Problem requirements ::
Before you write out the listing, remove the pictures; everything else stays exactly as it is.

Data below ::
··········

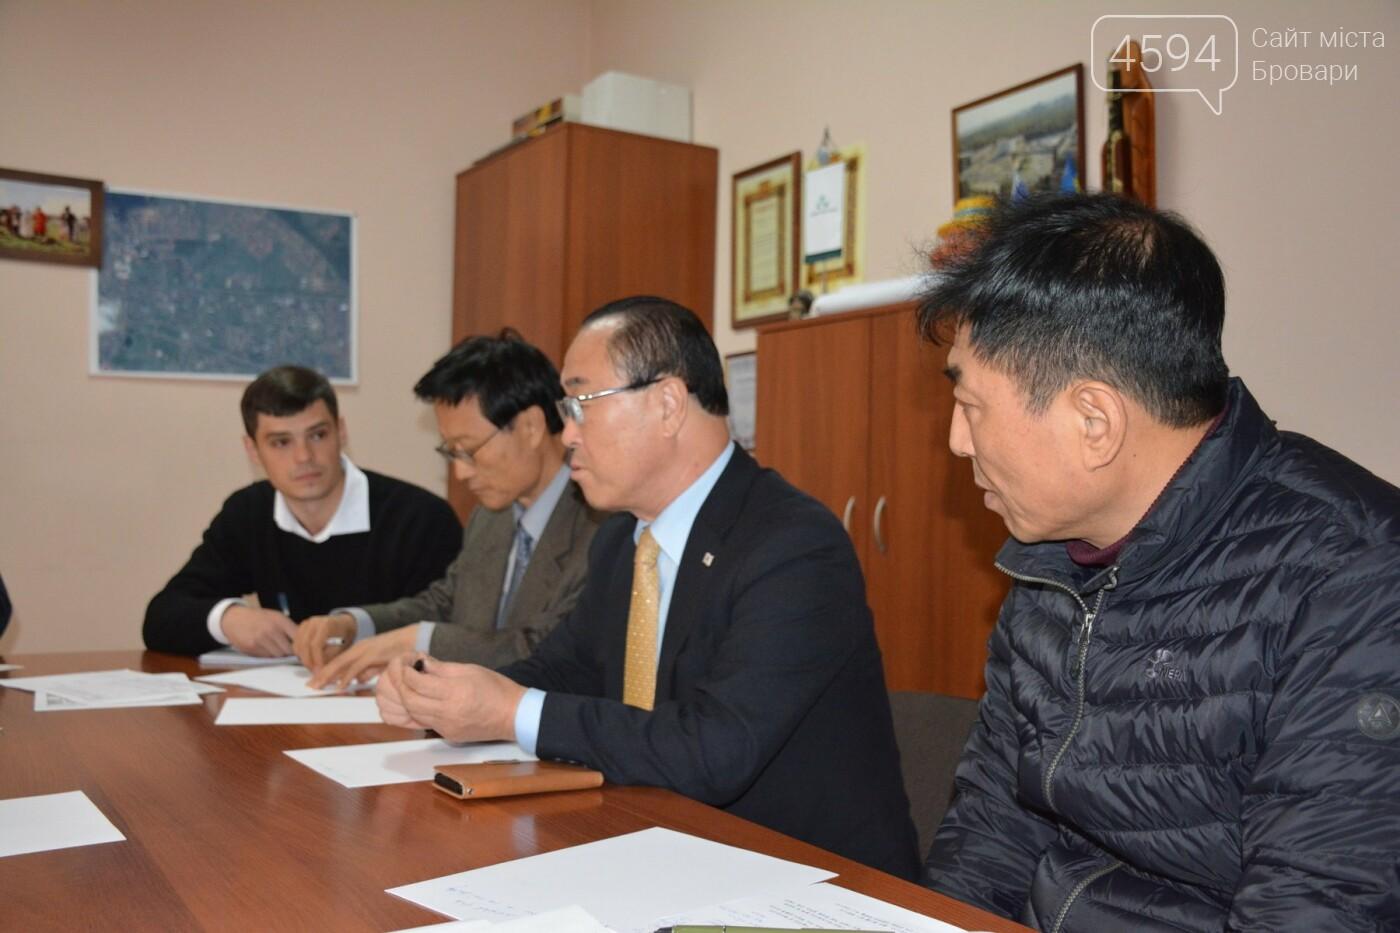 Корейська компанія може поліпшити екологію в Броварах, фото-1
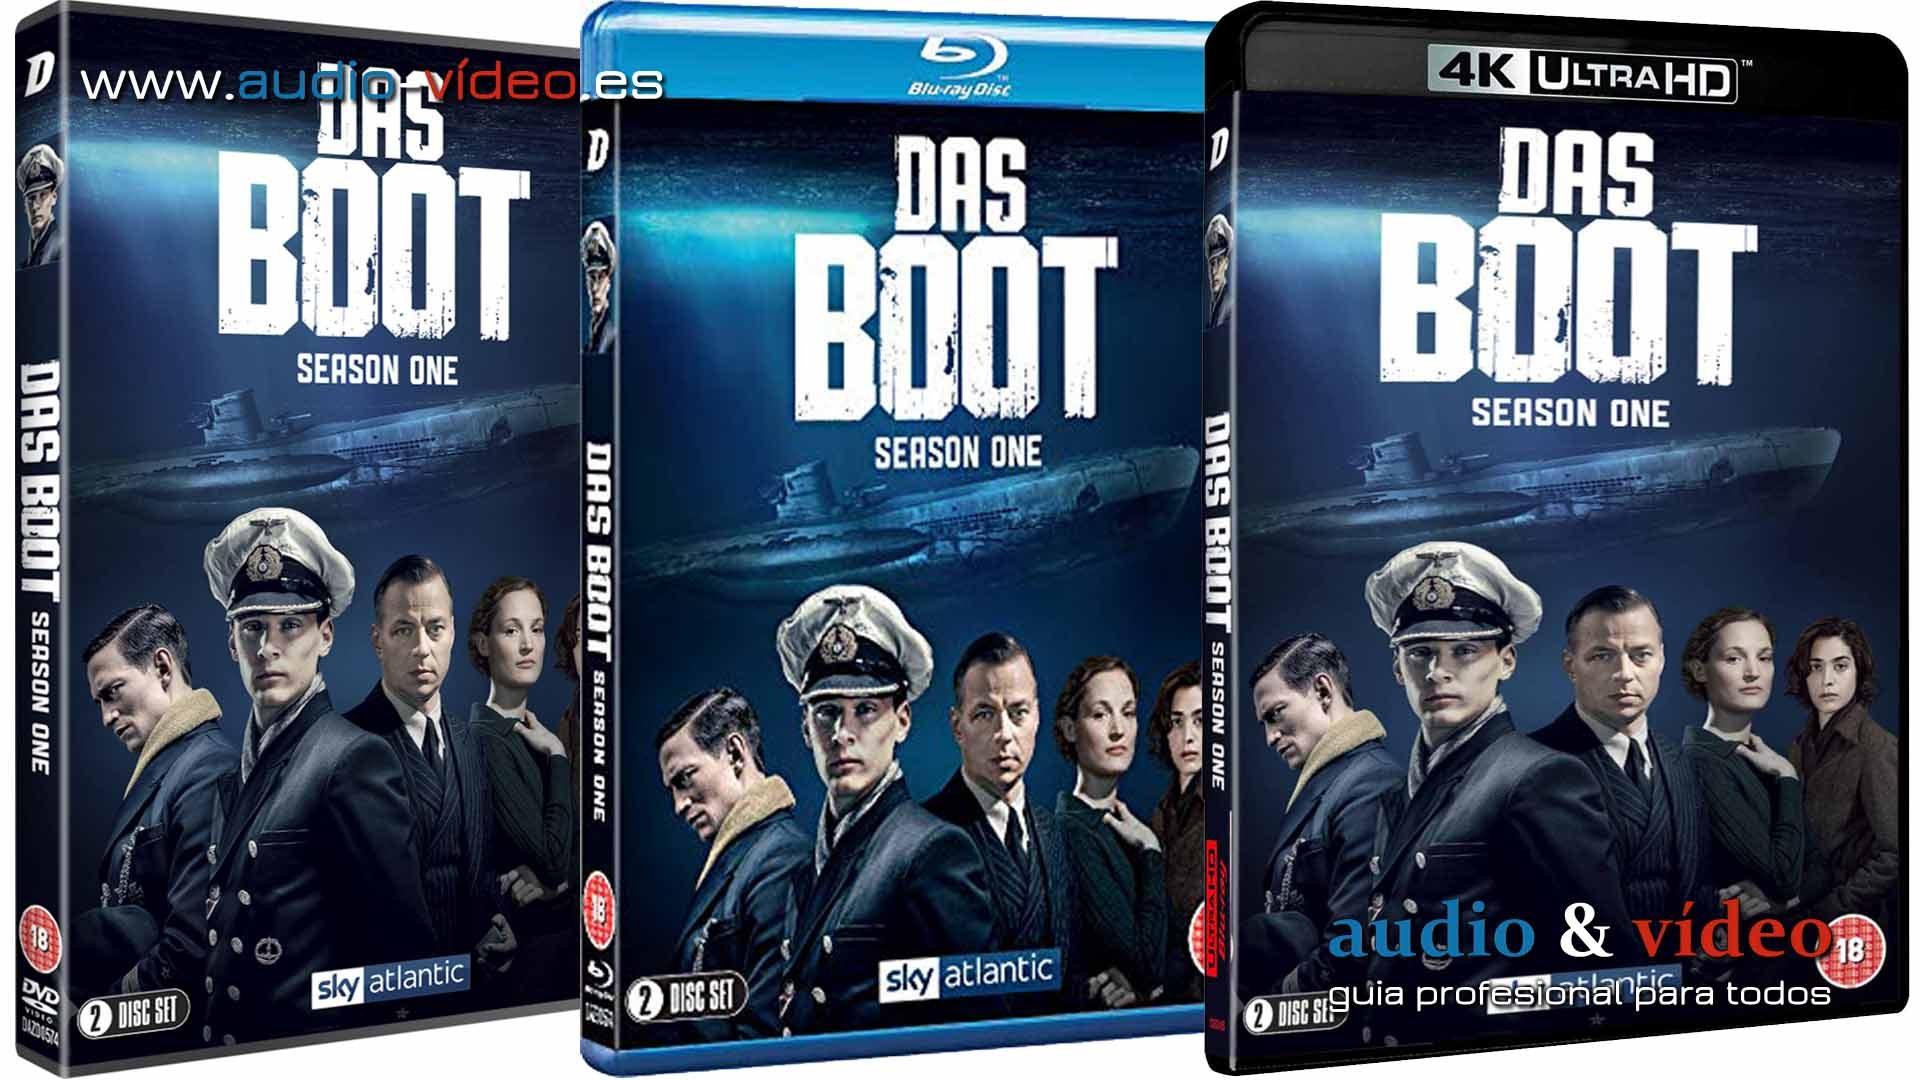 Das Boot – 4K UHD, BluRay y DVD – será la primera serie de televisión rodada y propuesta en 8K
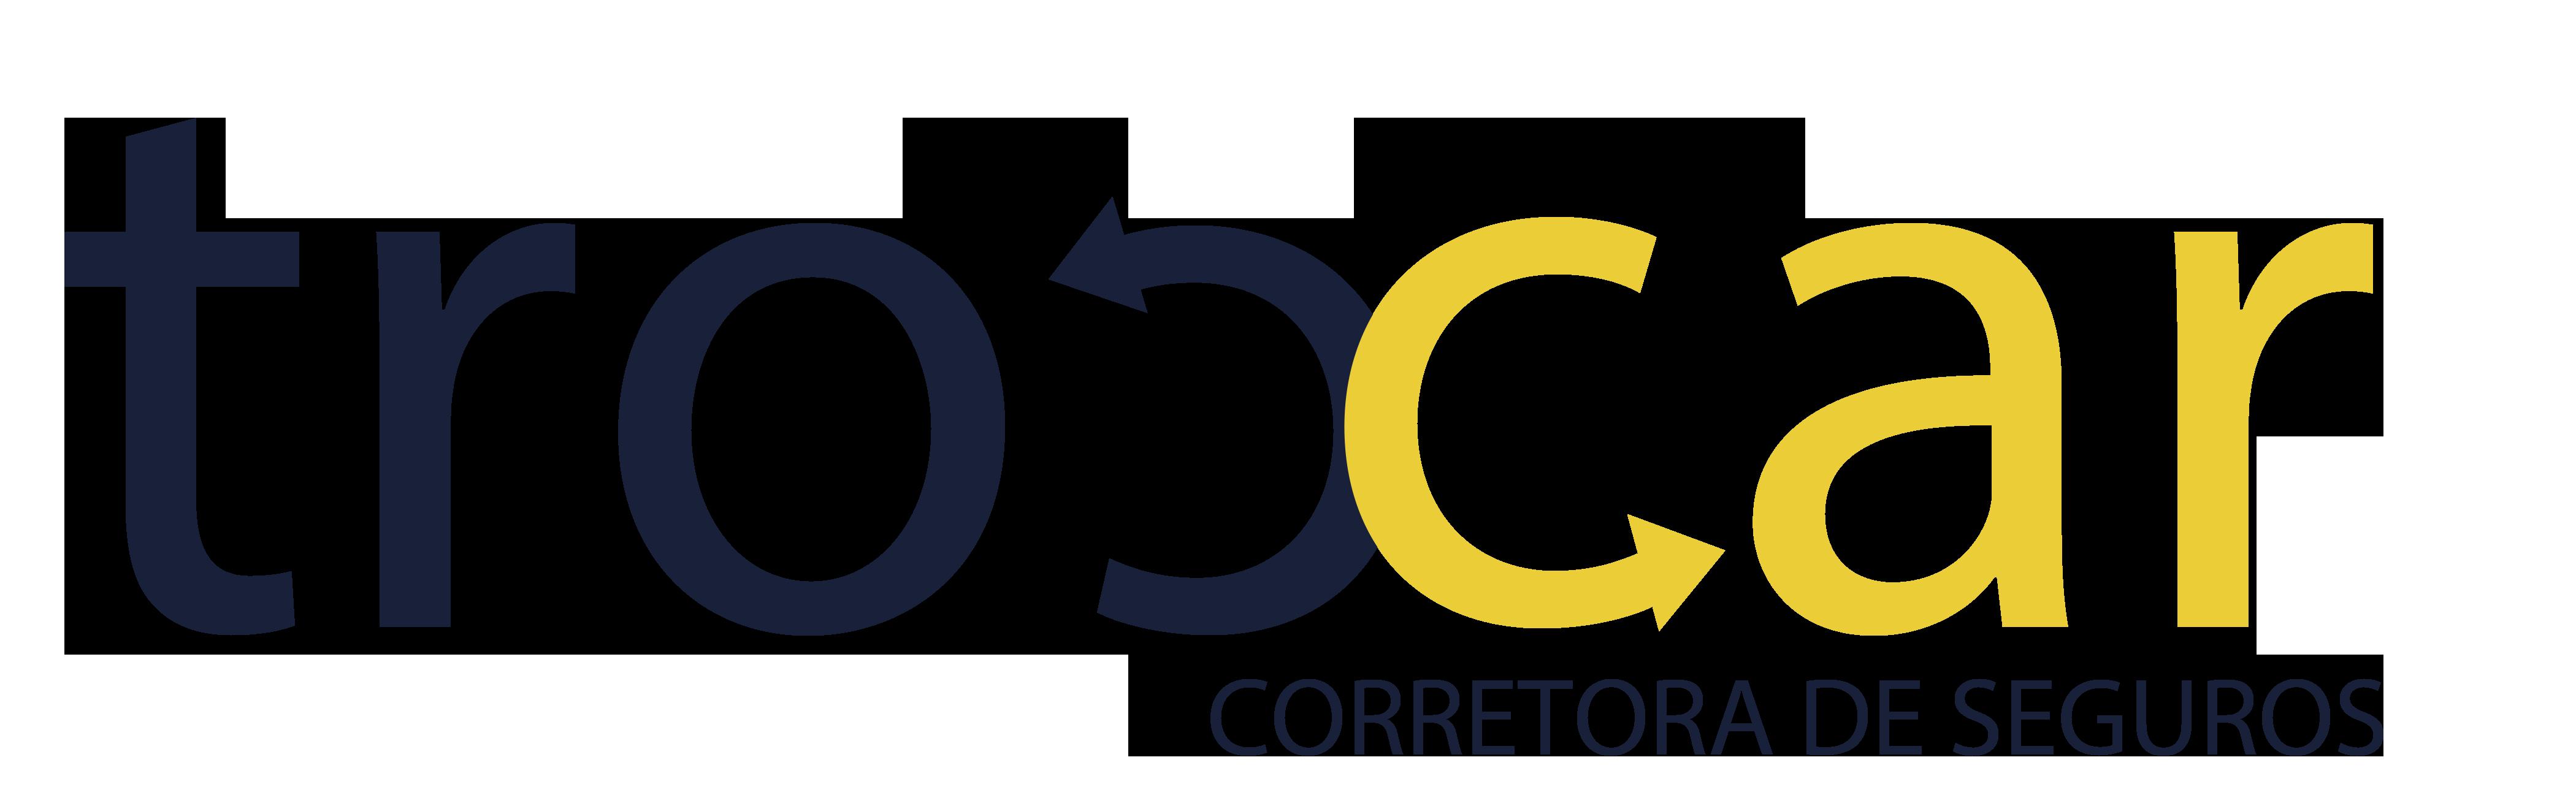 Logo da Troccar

··········

Answer to the exercise ::
 Корейська компанія може поліпшити екологію в Броварах, фото-1
 Das Boot – 4K UHD, BluRay y DVD – será la primera serie de televisión rodada y propuesta en 8K
 Logo da Troccar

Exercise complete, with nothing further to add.